The night before the BIG DAY I didn’t sleep a wink.  It was miserable.  I had a bad cold.  I got up early, ironed my clothes, and drove toward the church.  I counted the money in my wallet and wondered how far away I could drive.  I considered using my cold as an excuse to opt out.  I was actually still considering this when my dad called me on the church phone.  He was a huge encouragement.  I couldn’t believe he’d actually thought to call me that morning at the church!  He told me that having a cold would gain me sympathy from the congregation, which could lesson the terror of the experience.  His comments and his encouragement sealed the deal–there was no way I could turn back now.  If I did, I knew I’d probably be running for the rest of my life.

So I preached.  And I paced.  I probably walked five miles that morning in the first service alone.  A good friend of mine, George Van Hove, said that I did a good job and then jokingly moaned as he rubbed his neck.  Someone else told me that watching me was like watching a tennis match.

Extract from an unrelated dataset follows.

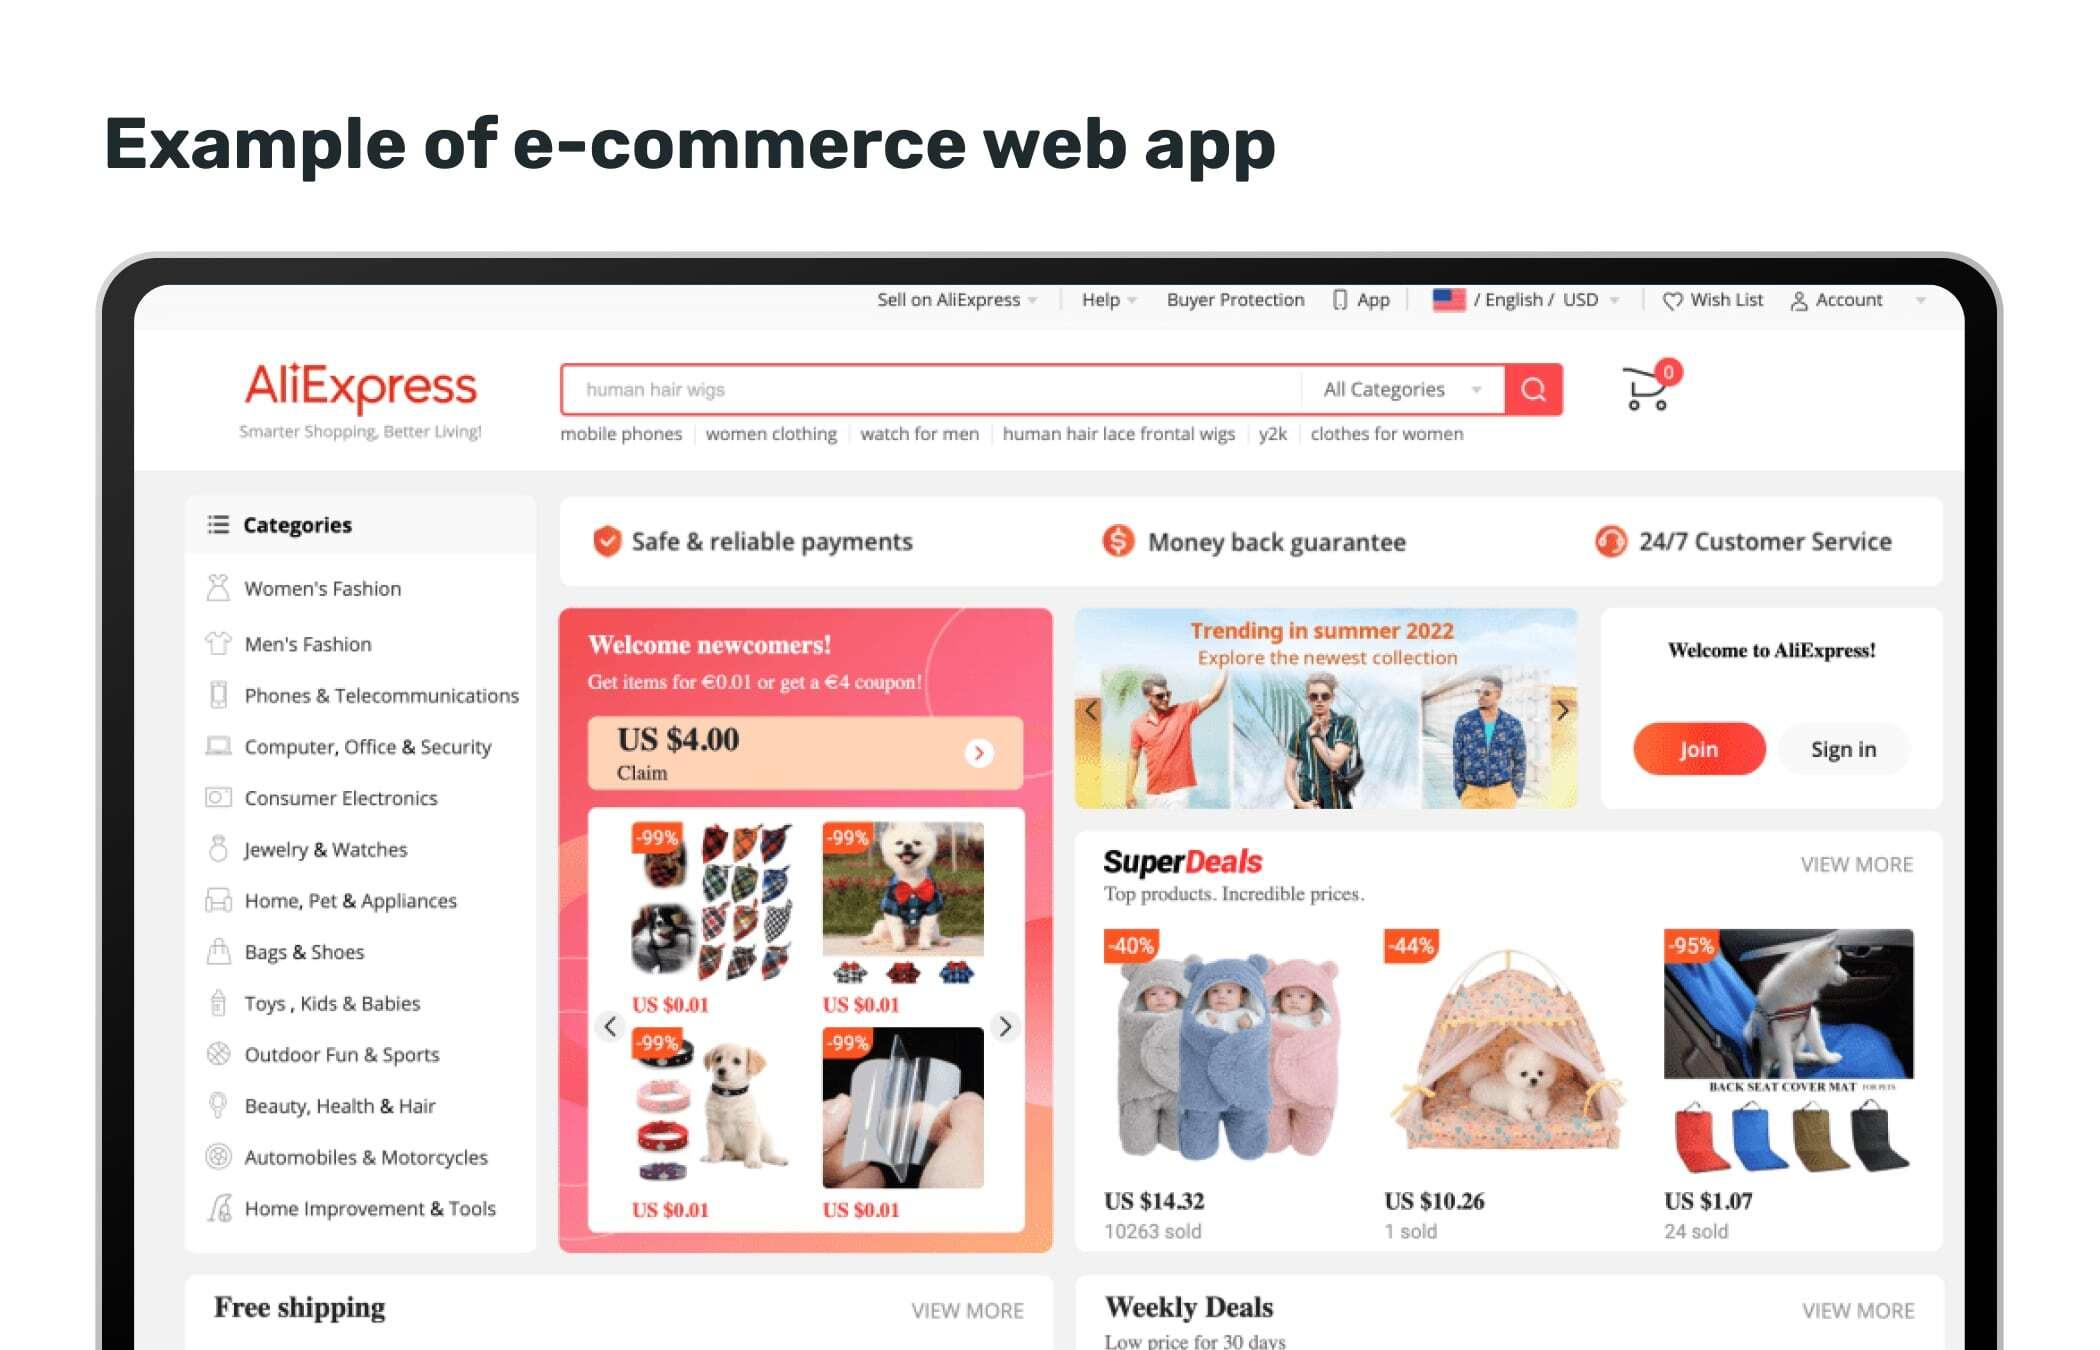 E-commerce web app

In the second service, I stood perfectly still.  Later someone commented that it looked like my shoes were nailed to the floor.

But I survived.  I had fully expected to die of a heart attack, or at least have a nervous breakdown.  I really did.  I honestly never expected to make it through the sermon.  But I had told God that I was going to be faithful to Him, even if it killed me.  I told Him that if He wanted this thing to actually work, He was going to have to do it.

He did it.  I don’t think I’ve ever felt as close to God as I did that morning.  Imagine if your legs were broken and you had someone carry you along.  You would be able to physically feel them carrying you in a way that you were unable to carry yourself.  That’s how strong the sensation was that morning of God carrying me along through the worship services.

And you know what?  That feeling has never gone away when I preach.  I’m still anxious every time I preach, and every time, I tell God that I want to be faithful to Him, but that this whole deal will fail miserably unless He makes it happen.

So far, He’s got a perfect record.   And it’s now eight years and counting.